Top of MATERIALS PROVIDED

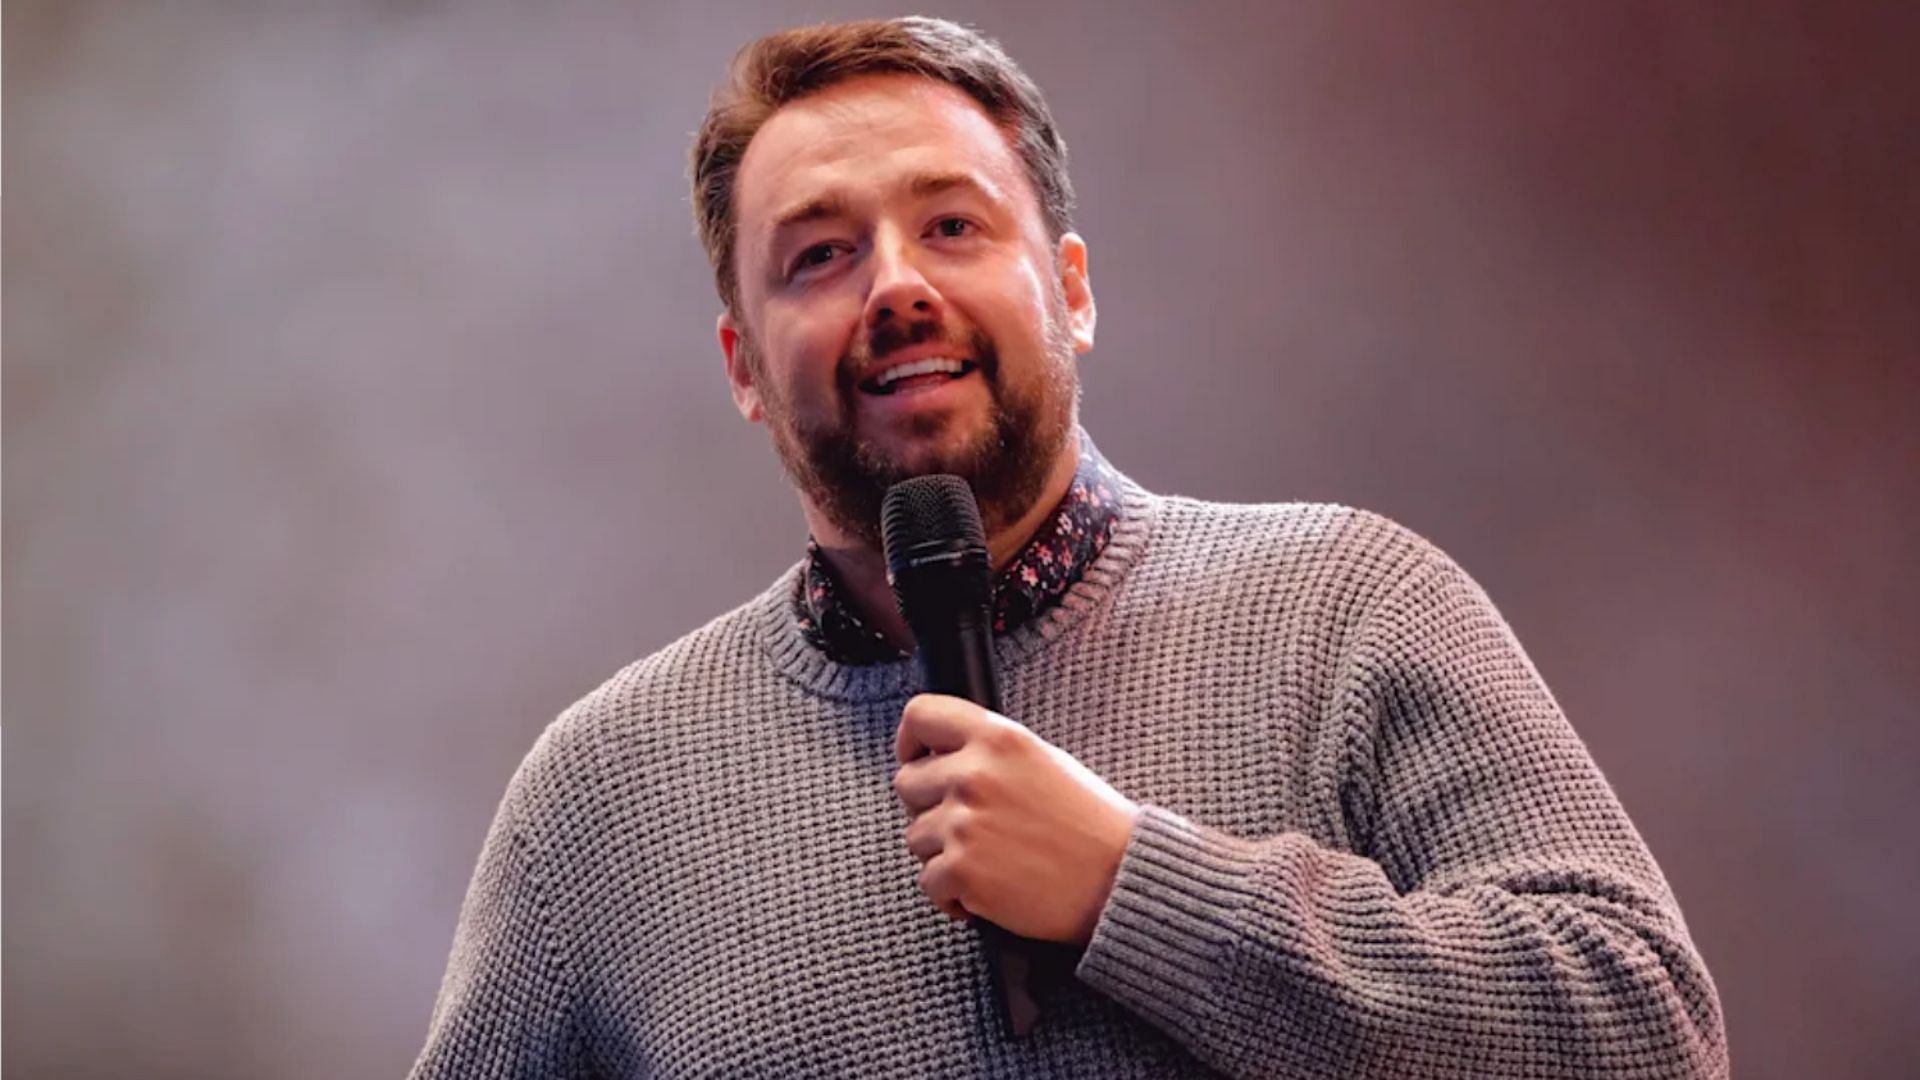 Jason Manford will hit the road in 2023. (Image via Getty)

Bottom of MATERIALS PROVIDED
Top of MATERIALS PROVIDED

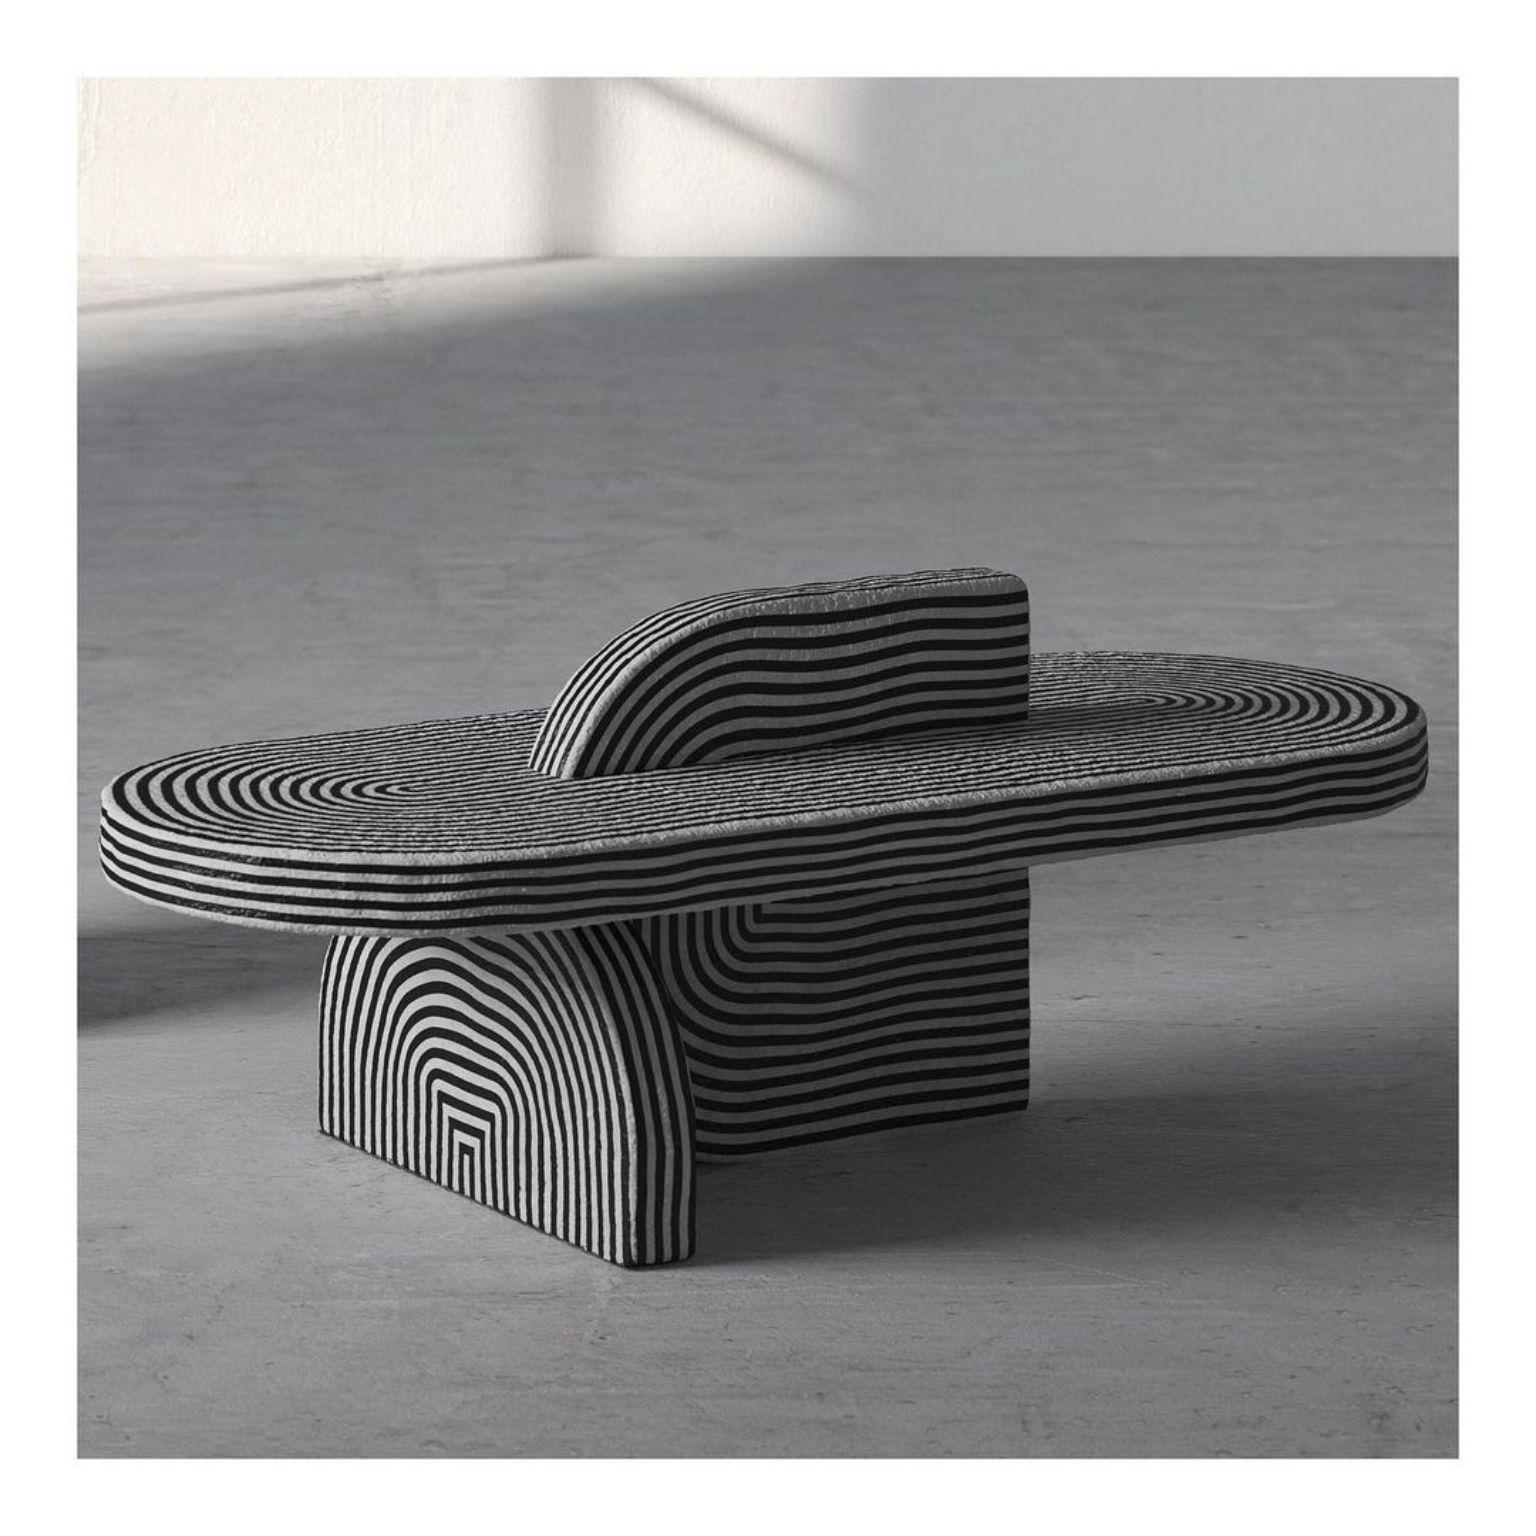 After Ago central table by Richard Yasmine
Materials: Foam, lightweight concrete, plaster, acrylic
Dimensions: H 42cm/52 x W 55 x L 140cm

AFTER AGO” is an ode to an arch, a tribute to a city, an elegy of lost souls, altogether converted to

Bottom of MATERIALS PROVIDED

EXERCISE BRIEF - Extract the lines of the preceding material that run from the line with "Materials: Foam, lightweight" through the line with "altogether converted to", inclusive, reproducing them exactly and adding nothing.

FINISHED TASK -
Materials: Foam, lightweight concrete, plaster, acrylic
Dimensions: H 42cm/52 x W 55 x L 140cm

AFTER AGO” is an ode to an arch, a tribute to a city, an elegy of lost souls, altogether converted to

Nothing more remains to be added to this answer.